Ceph is named after 'Cephalopod'—the class of marine animals including octopus and squid. Like these creatures with distributed nervous systems and no centralized brain, Ceph distributes intelligence throughout the cluster. Every node can make autonomous decisions using the same algorithm.
Ceph's architecture is built in layers. At the foundation is RADOS (Reliable Autonomic Distributed Object Store), a distributed object storage system. On top of RADOS, Ceph provides three interface layers:
| Component | Role | Count in Cluster |
|---|---|---|
| OSD (Object Storage Daemon) | Stores objects, handles replication, recovery, scrubbing | One per disk (hundreds to thousands) |
| Monitor (MON) | Maintains cluster map, provides consensus, authentication | Odd number for quorum (3, 5, 7) |
| Manager (MGR) | Metrics, dashboard, module host (alerts, orchestration) | 2+ for HA |
| MDS (Metadata Server) | Manages CephFS namespace, file metadata | 1+ only if using CephFS |
| RADOS Gateway (RGW) | S3/Swift compatible REST API | Deployed as needed behind LB |
Key architectural insight: The OSD daemons are the workhorses of Ceph. Each OSD typically manages a single physical disk (or SSD) and is responsible for storing objects, replicating data to peer OSDs, detecting failures, and recovering from them. The intelligence is distributed—OSDs coordinate directly with each other for replication, not through a central controller.

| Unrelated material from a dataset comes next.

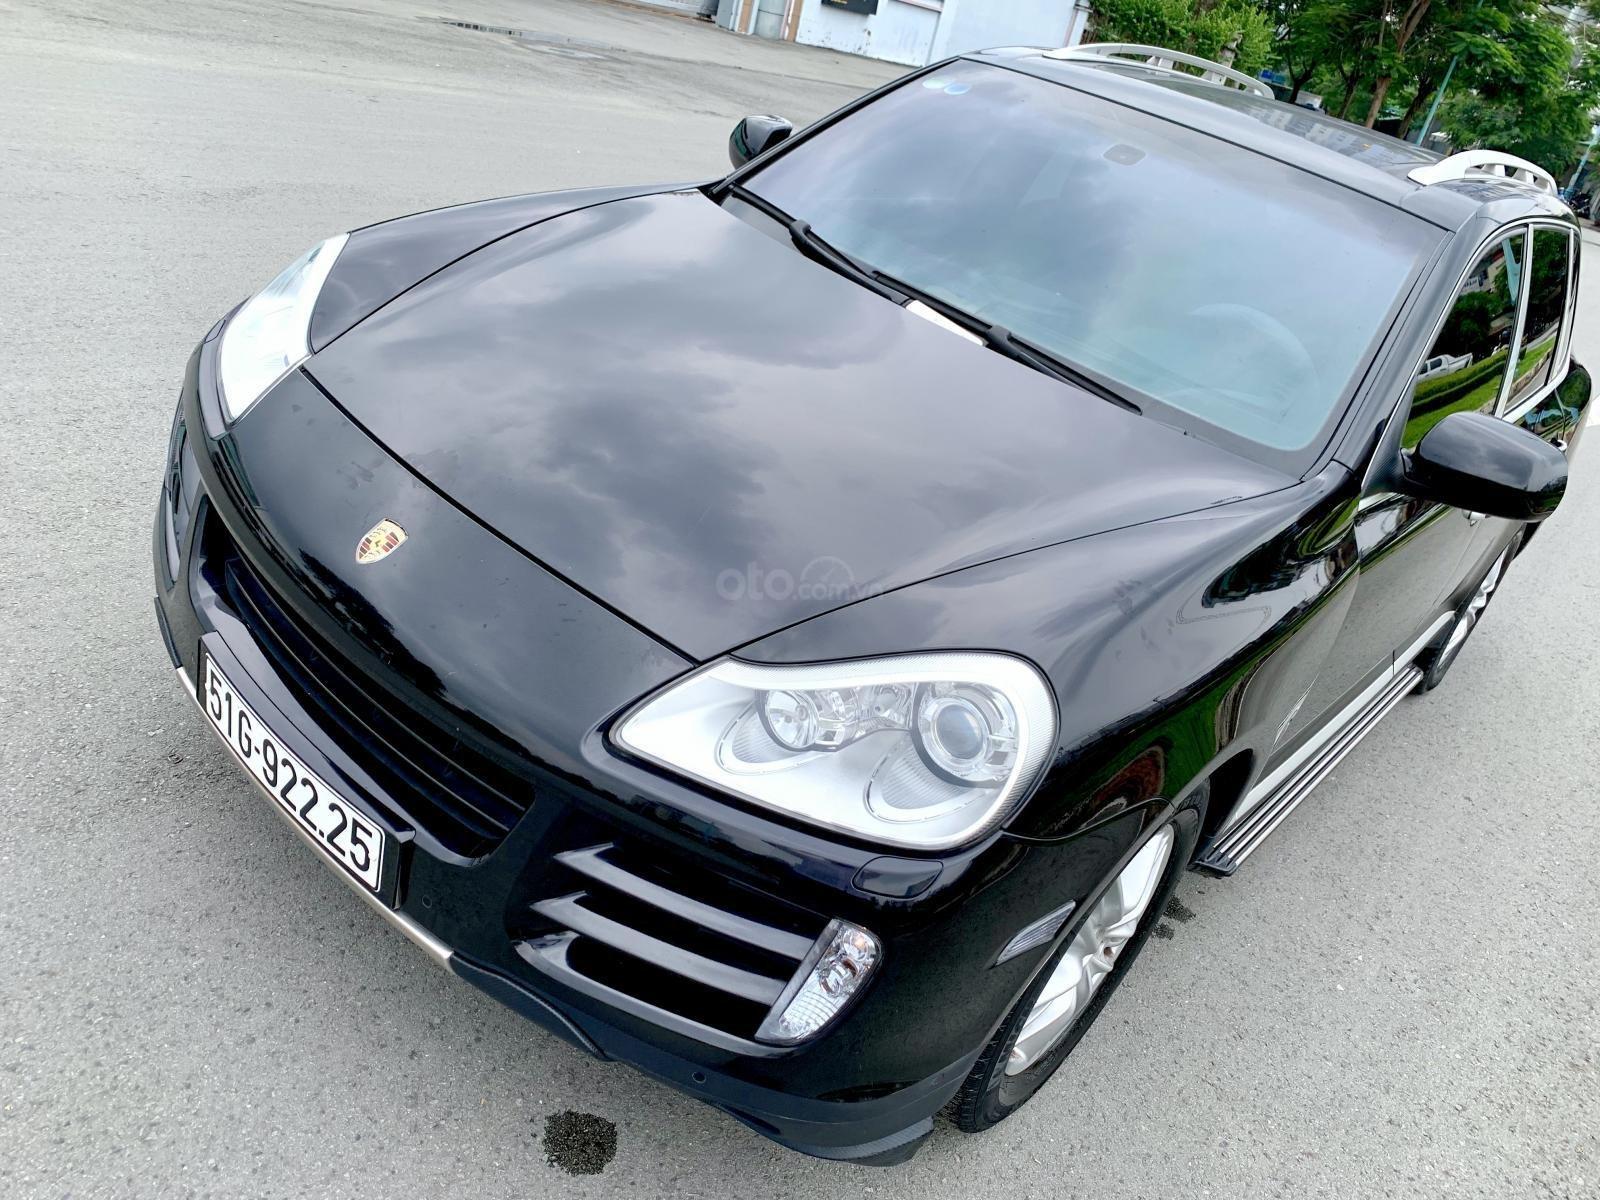 Porsche Cayenne nhập mới 2009 hàng hiếm, có chạy đúng 68 ngàn (11)

The Monitors maintain the authoritative cluster map (CRUSH map + OSD status) but don't handle any data operations. Clients and OSDs fetch the map from Monitors and then operate independently.

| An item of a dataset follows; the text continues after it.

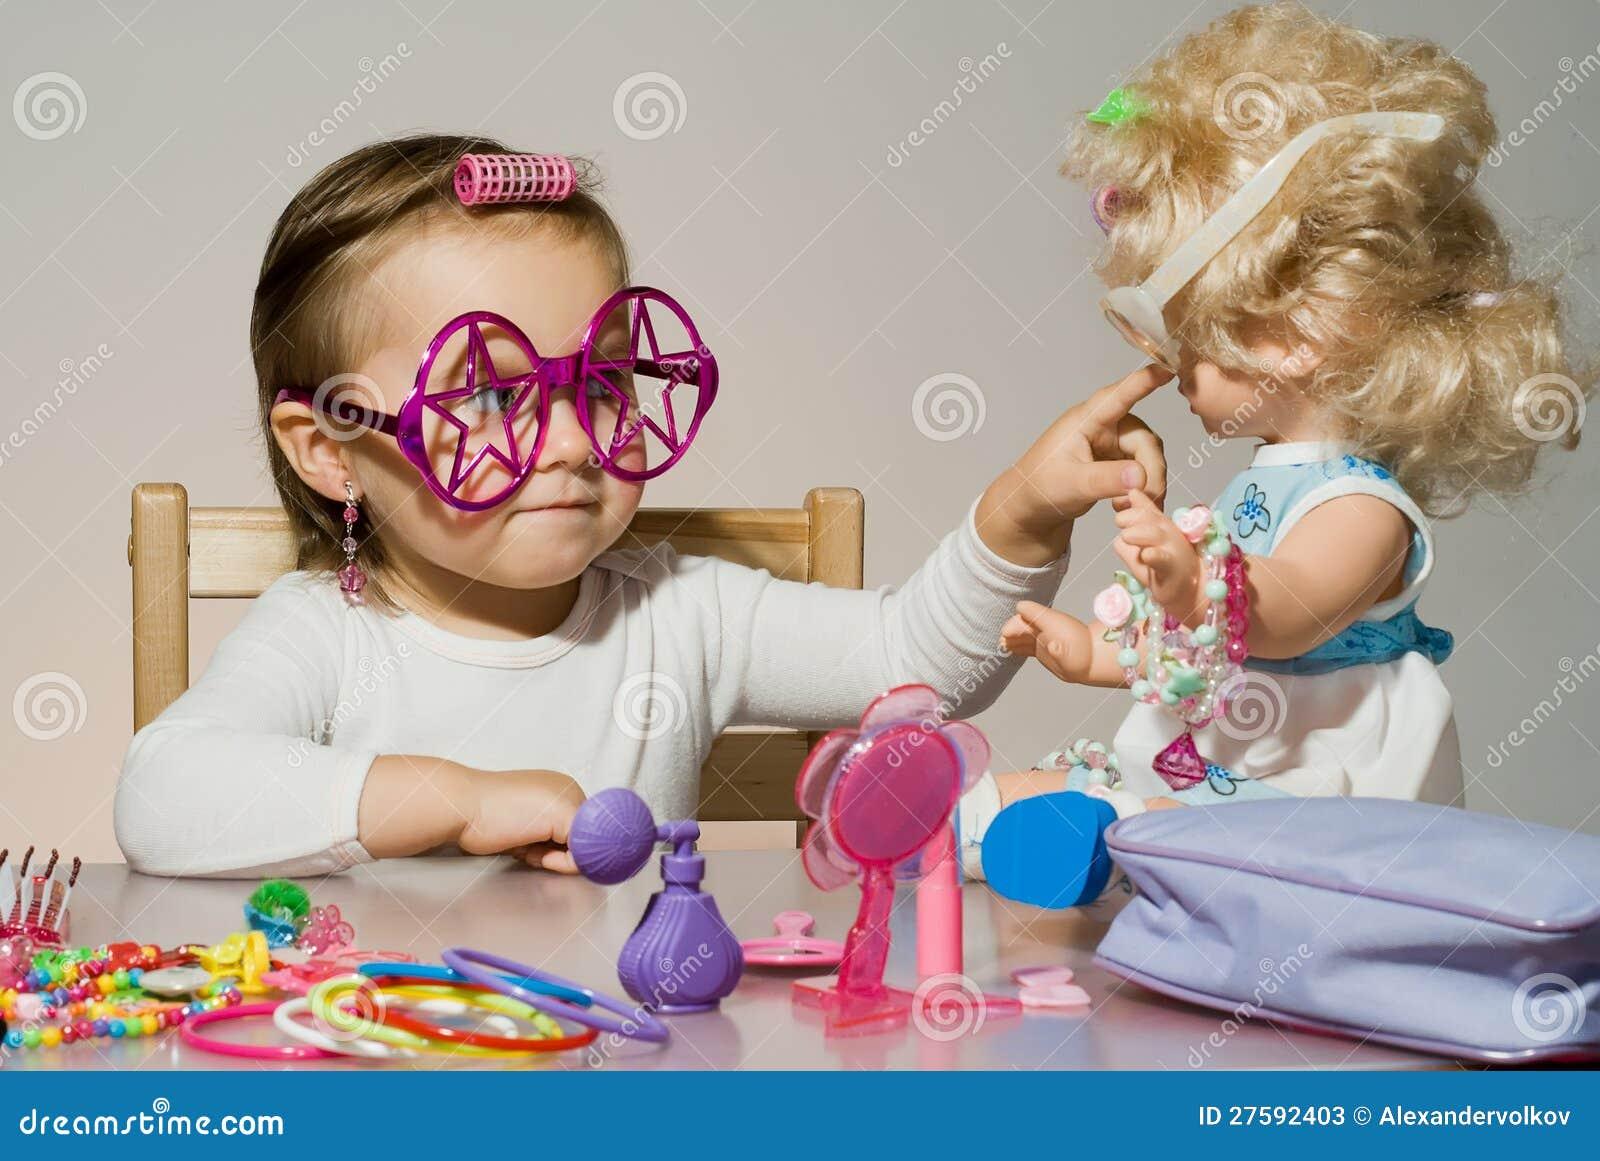 Ролевые игра с мамой 1 фотография

CRUSH is Ceph's revolutionary placement algorithm—the innovation that eliminates centralized metadata servers. CRUSH computes where objects should be stored based on:
How CRUSH Works (Conceptual):
# CRUSH Placement Example (Simplified) Input: - object_name: "user/photos/vacation.jpg" - replication_factor: 3 - failure_domain: "rack" Step 1: Hash object name to PG PG_ID = hash("user/photos/vacation.jpg") % total_pg_count PG_ID = 2847 Step 2: Run CRUSH algorithm with PG_ID For each replica (1 to 3): - Select a root in topology tree - Descend tree, selecting rack ≠ previous replicas - Within rack, select host - Within host, select OSD with capacity weight Step 3: Output Replica 1: OSD.42 (Rack A, Host 7) Replica 2: OSD.156 (Rack B, Host 23) Replica 3: OSD.89 (Rack C, Host 12) # ANY client can compute this independently!Why CRUSH is revolutionary:
| Traditional Approach | CRUSH Approach |
|---|---|
| Central metadata server maintains location mapping | Algorithm computes locations—no central lookup |
| Metadata server is bottleneck and SPOF | All clients compute independently |
| Adding storage requires metadata updates | Algorithm adapts automatically to topology changes |
| Failure domain placement requires manual configuration | Topology-aware rules ensure rack/datacenter spread |
CRUSH Map Structure:
The CRUSH map encodes your cluster topology as a hierarchy:
root default├── datacenter dc1│ ├── room room1│ │ ├── rack rack1│ │ │ ├── host node001│ │ │ │ ├── osd.0 (1TB SSD)│ │ │ │ └── osd.1 (4TB HDD)│ │ │ ├── host node002│ │ │ │ ├── osd.2 (1TB SSD)│ │ │ │ └── osd.3 (4TB HDD)│ │ ├── rack rack2│ │ │ └── ... (more hosts)│ ├── room room2│ └── ... (more racks)├── datacenter dc2 └── ... (second site for DR)CRUSH rules define placement policy: 'replicate 3 times, each replica on a different rack, prefer SSDs for the first replica.' Different pools can have different rules—fast SSD pool for hot data, HDD pool with erasure coding for archives, cross-datacenter pool for critical data.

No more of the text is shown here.